Before we jump to a g-tube, then we'll try a few new therapies, namely feeding therapies.  We'll see an occupational therapist (OT) and a speech-language pathologist (SLP) for evaluations.  Both OT's and SLP's work with feeding, and since we're not sure if it's an oral-motor issue, a sensory issue, a straight-up behavior modification issue, or something else entirely, we'll start out with both of them and let them decide who needs to follow her.  Since I also have some concerns about non-food-related sensory and speech issues, I'm really glad that she's going to get a full evaluation from an expert in each discipline.  The good news is that a) I have talked to several mothers whose kids have really benefited from feeding therapy and b) there are really good OT's and SLP's at Sumner Station, which is half as close to our home as Vandy is.

That's especially good news because there's a distinct possibility that we'd follow with each of them weekly, which would put our weekly schedule up to 2.5 therapies (since PT has now dropped to every other week!) and one Early Intervention session - plus all the doctor's and WIC appointments.  Phew.  I'm reminded that I left the working world so that I could focus more on Becca's care - and it looks like that was a really, really good decision!

That's where we are.  In some ways, we are back at square 1.  Eating has been the perennial challenge.  But maybe now we'll get the help we need.  And I'll admit, it couldn't come at a better time for me (except maybe sooner!) - I'm about at my breaking point with mealtimes.  Of course, I try not to let Becca see my frustration, but yesterday, she literally ate cheese, a couple of cheese poofs, and a few Cheez-Its, and that is all.  Ugh.  I know stressing out about it will only make it worse.  She's to the age now that I'm trying to avoid talking about her "problems" in front of her, so if you call for an update, please understand that I'm trying to be discreet around her.  I also feel like I've somehow messed up her eating forever.  I've been able to get plenty of other kids to eat, but the one that I am mother to just won't eat.  Again, blaming myself doesn't help, either, but, it's easy to do...so feel free to load up the encouragement.  :)

This Thanksgiving, I'm wildly thankful for my precious girl...even with our challenges.  Who knows, maybe she'll be inspired by the gorgefest that is sure to take place at my parents' house in a few days - maybe the 6 cousins can work some magic on her!


  1. Don't give up. At least she is eating something. Cheesy poofs are food. I hope the therapies will help and she does not have to get a tube. I will keep praying.

  2. You are a FANTASTIC mommy! Hope you don't ever doubt it (well, any more than we're all supposed to doubt our good-mommyness ;)).

  3. Don't give up and if it helps - a lot of kids go through this.
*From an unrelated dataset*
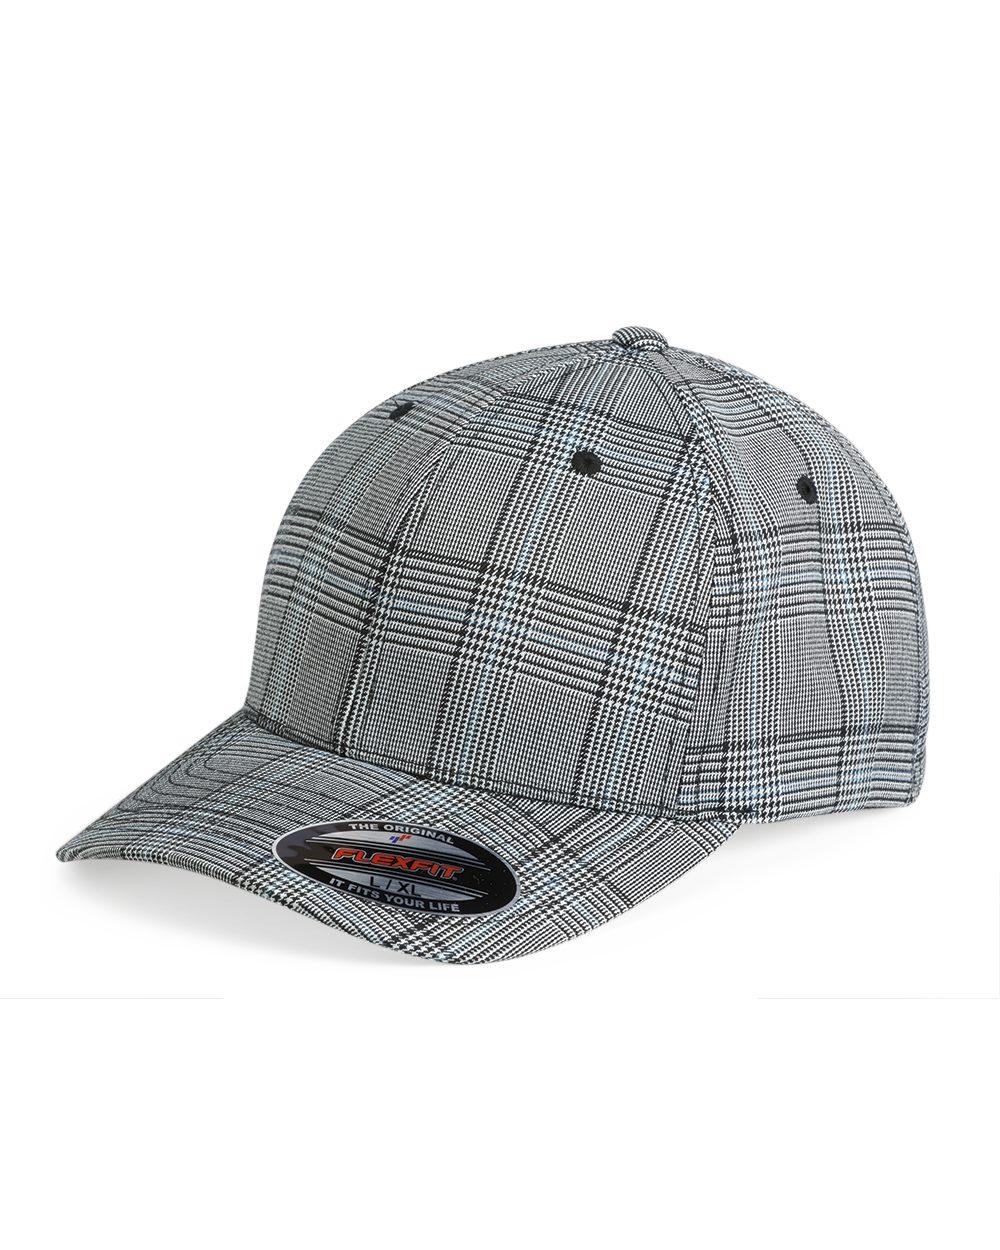 Flexfit 6197 - Tartan Plaid Cap

Ben still doesn't eat much. We've taken to giving him vitamin supplements of iron because he won't eat. He's perfectly happy with bread, juice and fruit. No protein, no veggies, no sugar. He weighs the same as his sister who is 10 days shy of being 2 years younger. We've been up and down on his weight curve and though he has dropped off of it several times - usually he gets back to his 6th percentile line. He's 4 1/2 and he's still in the 6th percentile. Nothing like your itty bitty but he's my itty bitty. My daughter on the other hand eats - always has and her weight has never been an issue (hope that stays that way). You can do this. Remember that though eating is important - your love for more is more important. You know there are ways to get her nutrition - whether through therapy, tubes, or supplements. You can do this.